Ibadah Haji (foto: umrahhaji.org)

Padangkita.com – Berdasarkan hasil audit per 2016, dana haji yang sudah terkumpul baik dari setoran awal, nilai manfaat, dan dana abadi umat mencapai Rp 95,2 triliun.

Diperkirakan pada akhir tahun ini, total dana haji yang terkumpul dari calon jemaah akan mencapai sekitar Rp 100 Triliun.

Menteri Agama (Menag) Lukman Hakim Saifuddin memastikan, seluruh dana haji yang komponennya terdiri dari setoran awal, nilai manfaat atau otimalisasi, serta Dana Abadi Umat (DAU) seluruhnya akan diserahkan ke Badan Pengelola Keuangan Haji (BPKH).

“Seluruh dana haji akan diserahkan ke BPKH, diserahkan pada akhir Agustus ini yang sifatnya umum, dan kedua lebih detil menunggu proses penyelenggaraan haji tahun ini selesai,” kata Lukman di Jakarta.
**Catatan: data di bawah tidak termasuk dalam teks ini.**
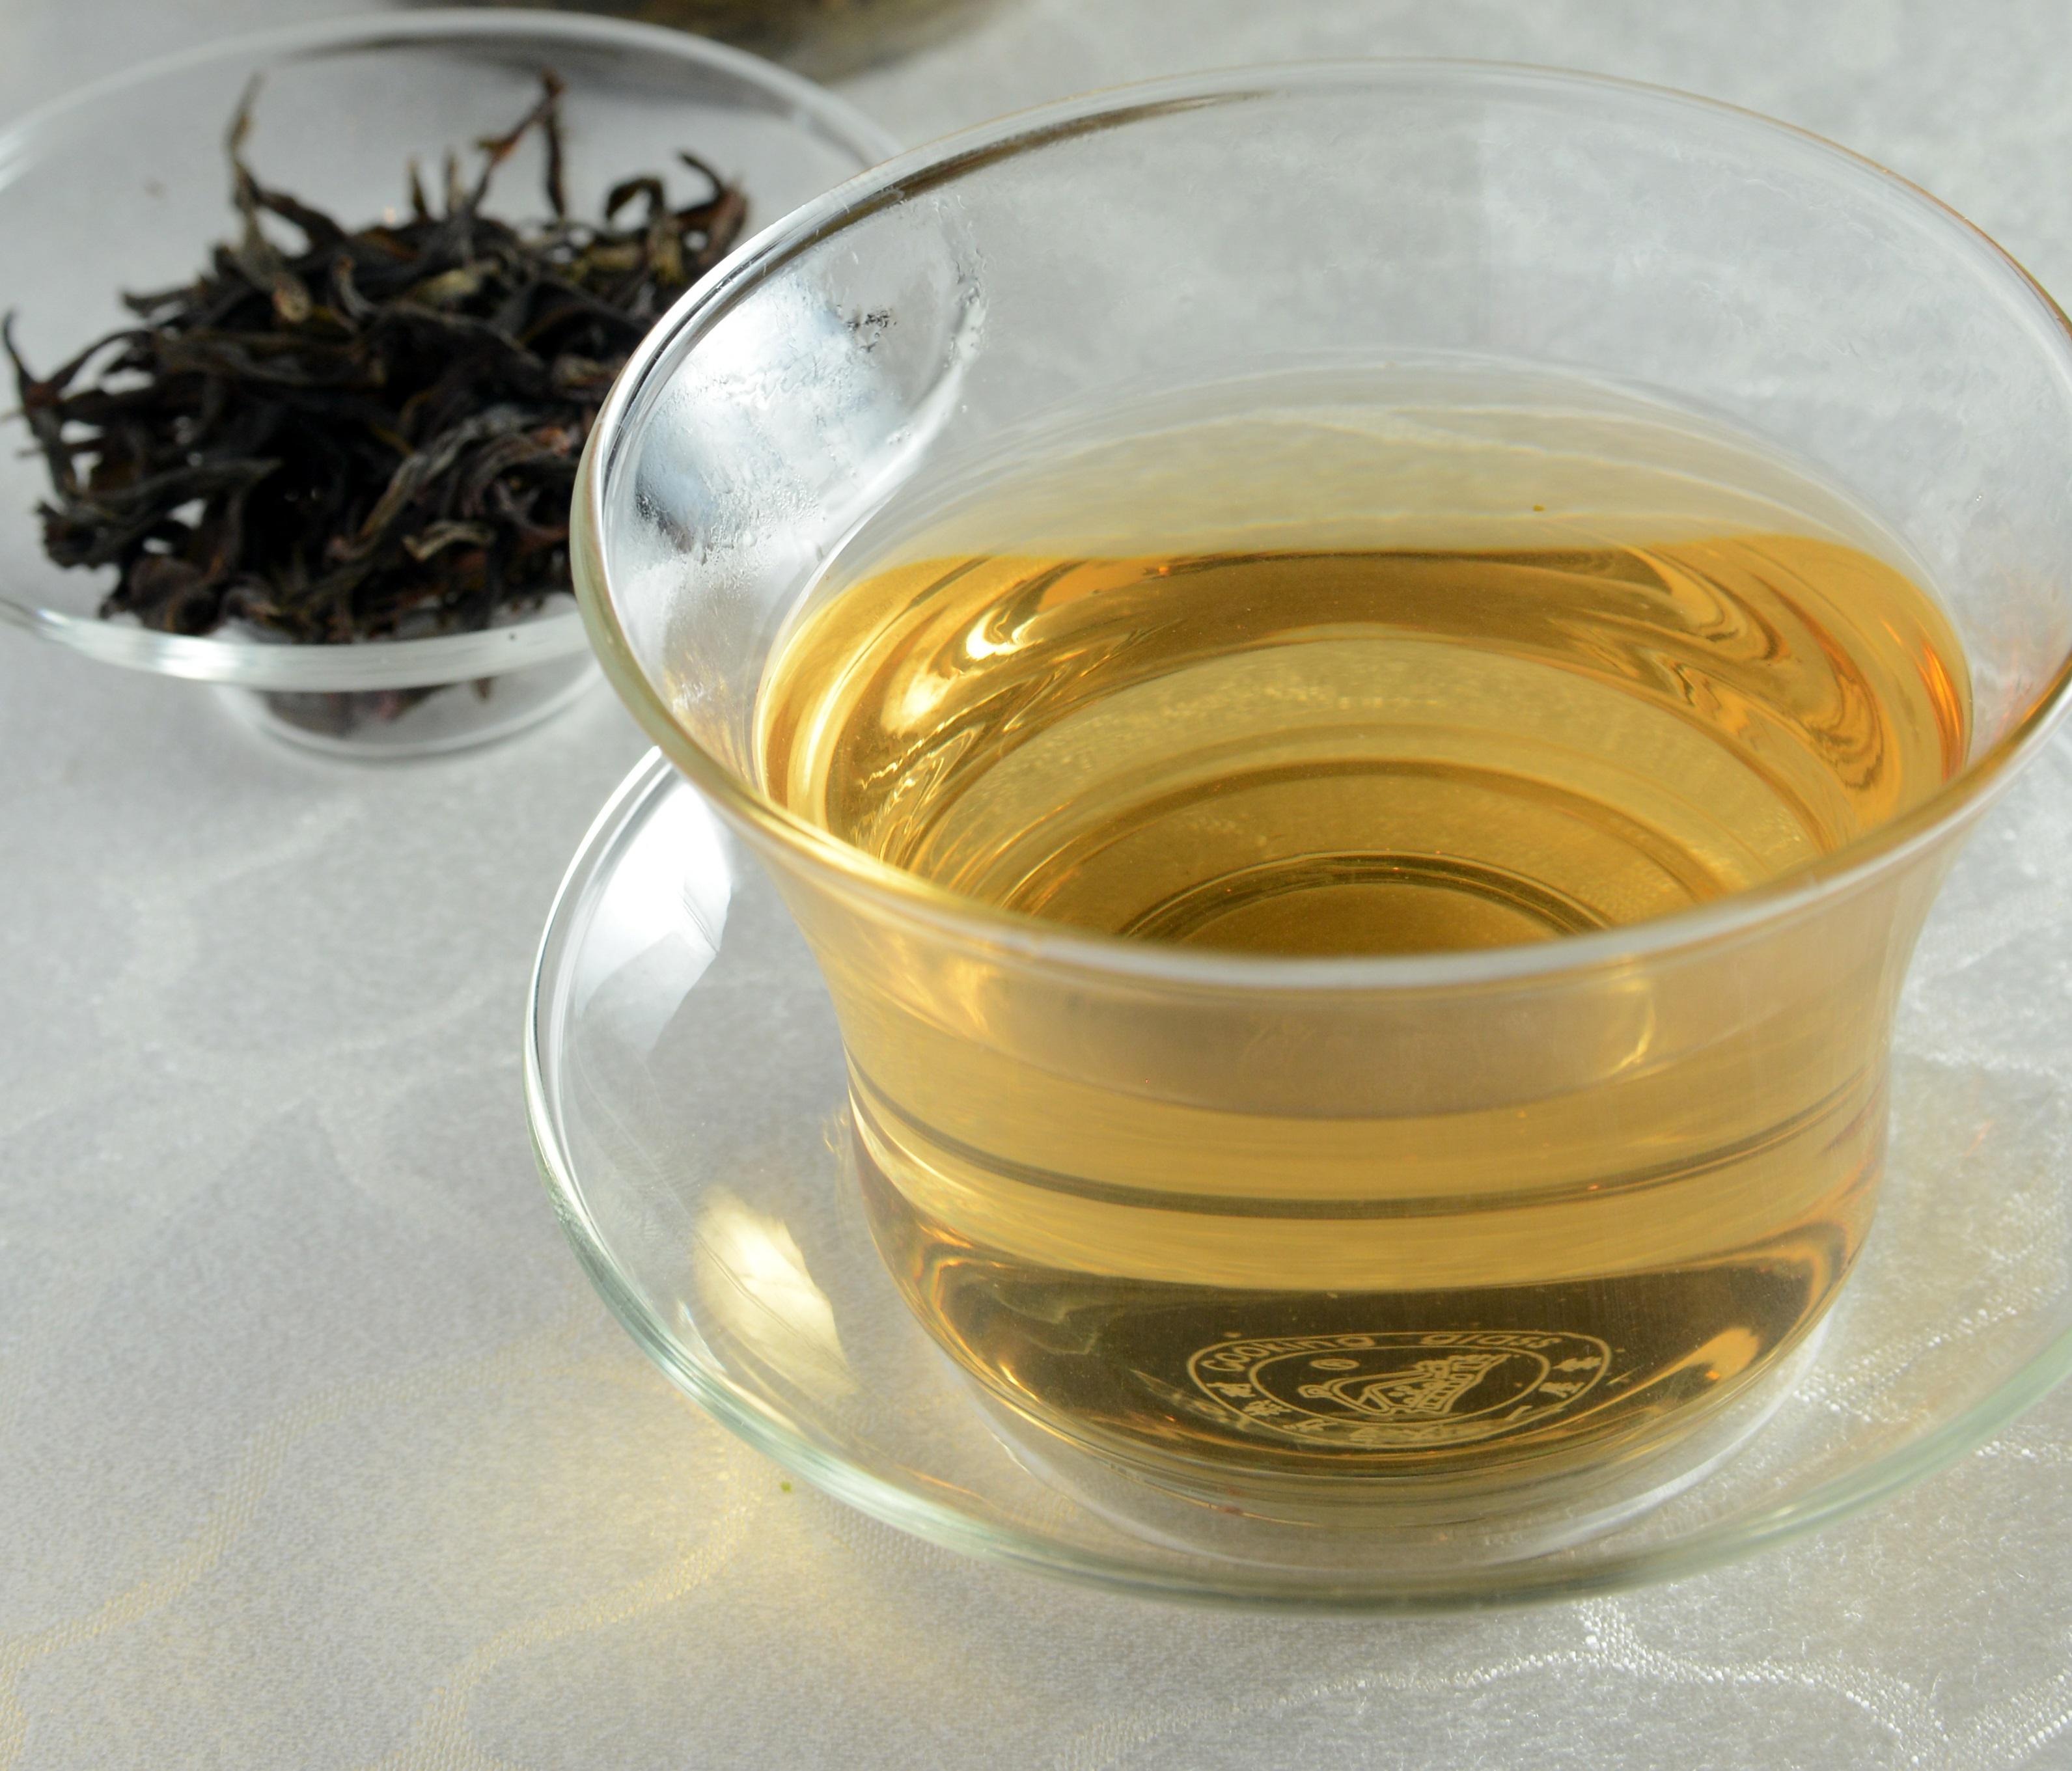 【健康Talk】饮茶好处多 一星期4次有助大脑健康

Mengenai penggunaan, Menag menegaskan, prinsipnya adalah bahwa apapun bentuk investasi yang akan dilakukan terhadap dana haji, harus mengikuti prinsip-prinsip dasar yang diatur UU seperti, syariah, penuh kehati-hatian, aman, likuiditasnya juga baik.

“Dan yang tidak kalah pentingya adalah nilai manfaat itu harus kembali ke jamaah haji itu sendiri atau untuk kemaslahatan umat yang lebih luas,” tutur Menag.

Penyerahan kepada BPKH itu, menurut Menag, dilakukan berdasarkan Undang-Undang (UU) Nomor 34 Tahun 2014 tentang Pengelolaan Keuangan Haji. Meski diserahkan seluruhkan, Menag meyakinkan, bahwa BPKH tidak bisa begitu saja mengivestasikan dana haji.

“BPKH harus membuat renstra, lalu di breakdown, kemudian dikonsultasikan ke DPR,” ujarnya.

Diakui Menag, jika mekanisme kontrol yang diatur UU begitu ketat, sehingga BPKH harus membuat renstra, lalu kemudan renstra itu harus mendapat persetujuan dari DPR.

“Setiap 6 bulan juga harus menyampaikan laporannya tidak hanya ke Presiden, tetapi juga ke DPR RI,” sambung Menag seperti dilansir dari setkab.

Untuk diketahui, dana haji yang telah terkumpul ditempatkan dalam bentuk Surat Berharga Syariah Negara (SBSN) sebesar Rp35,65 triliun, deposito berjangka syariah sebesar Rp54,57 triliun, dan Surat Utang Negara (SUN) sebesar sebesar 10 juta dollar AS atau Rp136 miliar.